Output-Constrained Decision Trees
This work addresses the need for feasible predictions in real-world applications by extending decision trees to handle constraints, though it is incremental as it builds on existing tree methods.
The paper tackled the problem of incorporating domain-specific constraints into decision trees for multi-target regression, introducing three new methods (M-OCRT, E-OCRT, EP-OCRT) and a random forest framework, and demonstrated that these approaches produce accurate and feasible predictions in computational studies on synthetic and industry datasets.

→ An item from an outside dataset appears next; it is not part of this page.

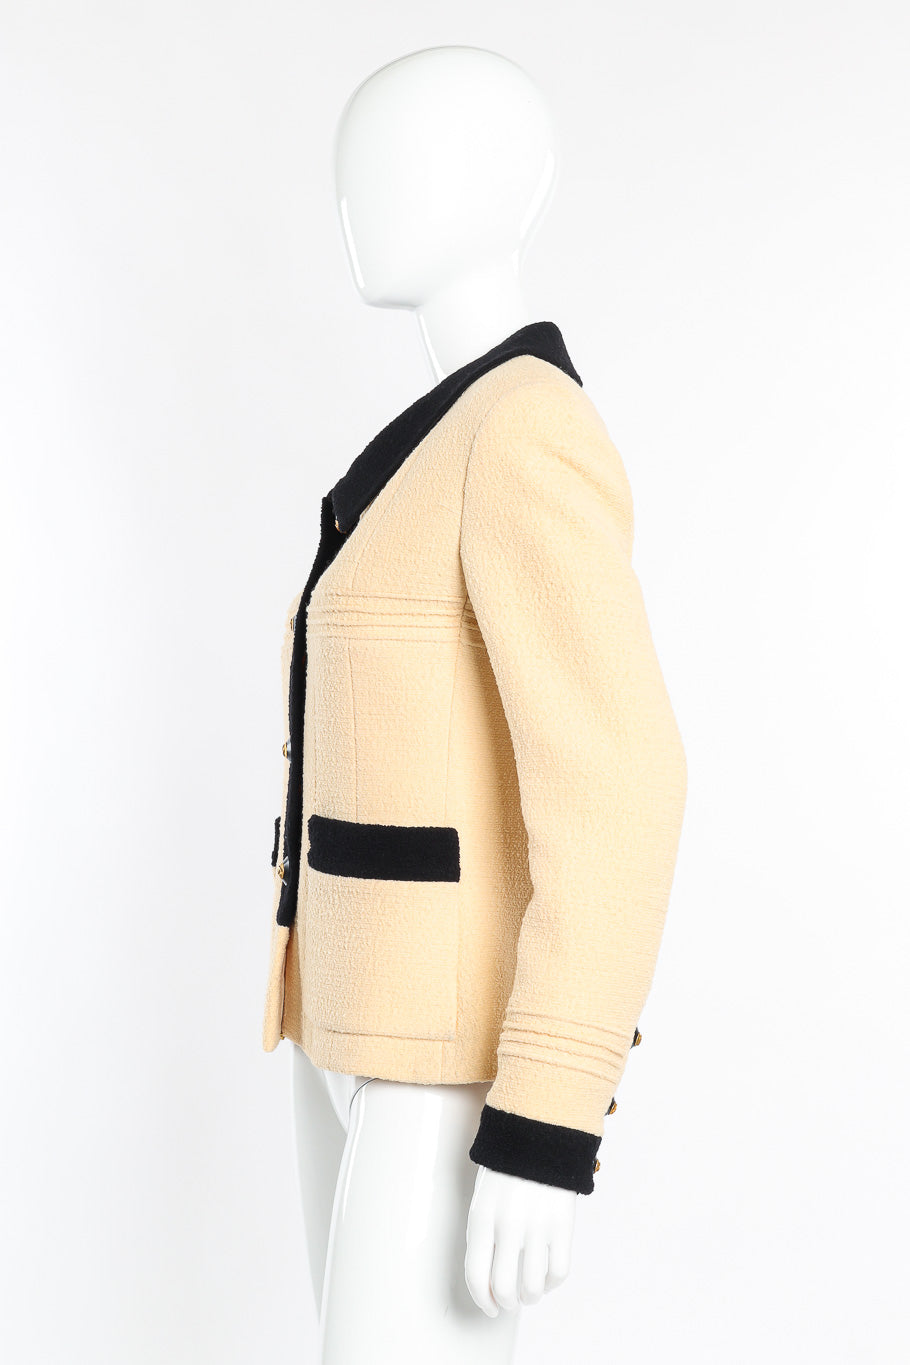 Vintage Chanel 1993 F/W Tweed Bouclé Jacket side view on mannequin @Recessla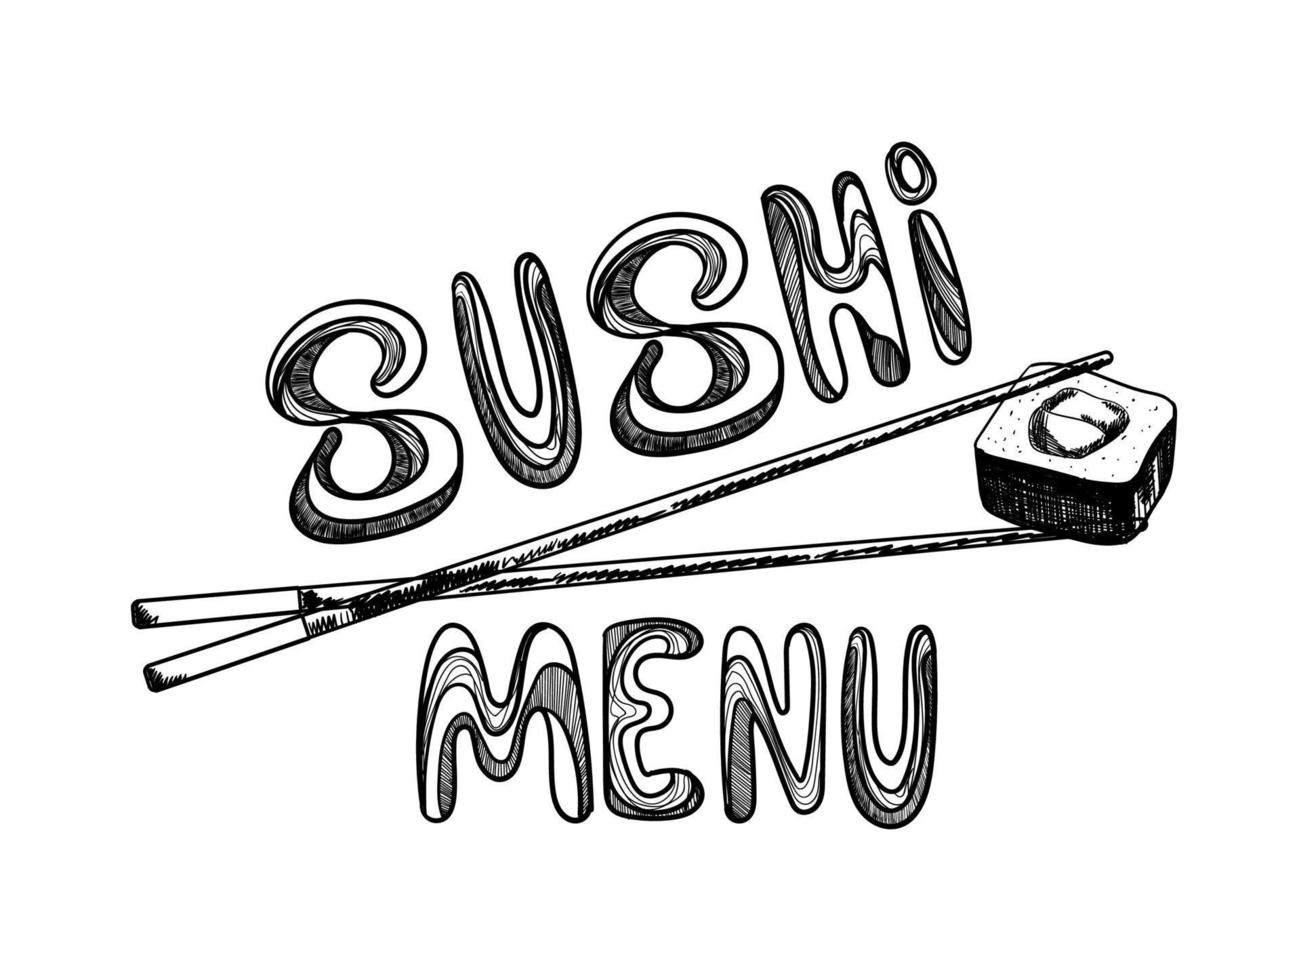 Japanese sushi logo for concept design. An element for menu design. Chopsticks holding sushi roll. Asian food. Black and white graphics. Vector illustration.

Incorporating domain-specific constraints into machine learning models is essential for generating predictions that are both accurate and feasible in real-world applications. This paper introduces new methods for training Output-Constrained Regression Trees (OCRT), addressing the limitations of traditional decision trees in constrained multi-target regression tasks. We propose three approaches: M-OCRT, which uses split-based mixed integer programming to enforce constraints; E-OCRT, which employs an exhaustive search for optimal splits and solves constrained prediction problems at each decision node; and EP-OCRT, which applies post-hoc constrained optimization to tree predictions. To illustrate their potential uses in ensemble learning, we also introduce a random forest framework working under convex feasible sets. We validate the proposed methods through a computational study both on synthetic and industry-driven hierarchical time series datasets. Our results demonstrate that imposing constraints on decision tree training results in accurate and feasible predictions.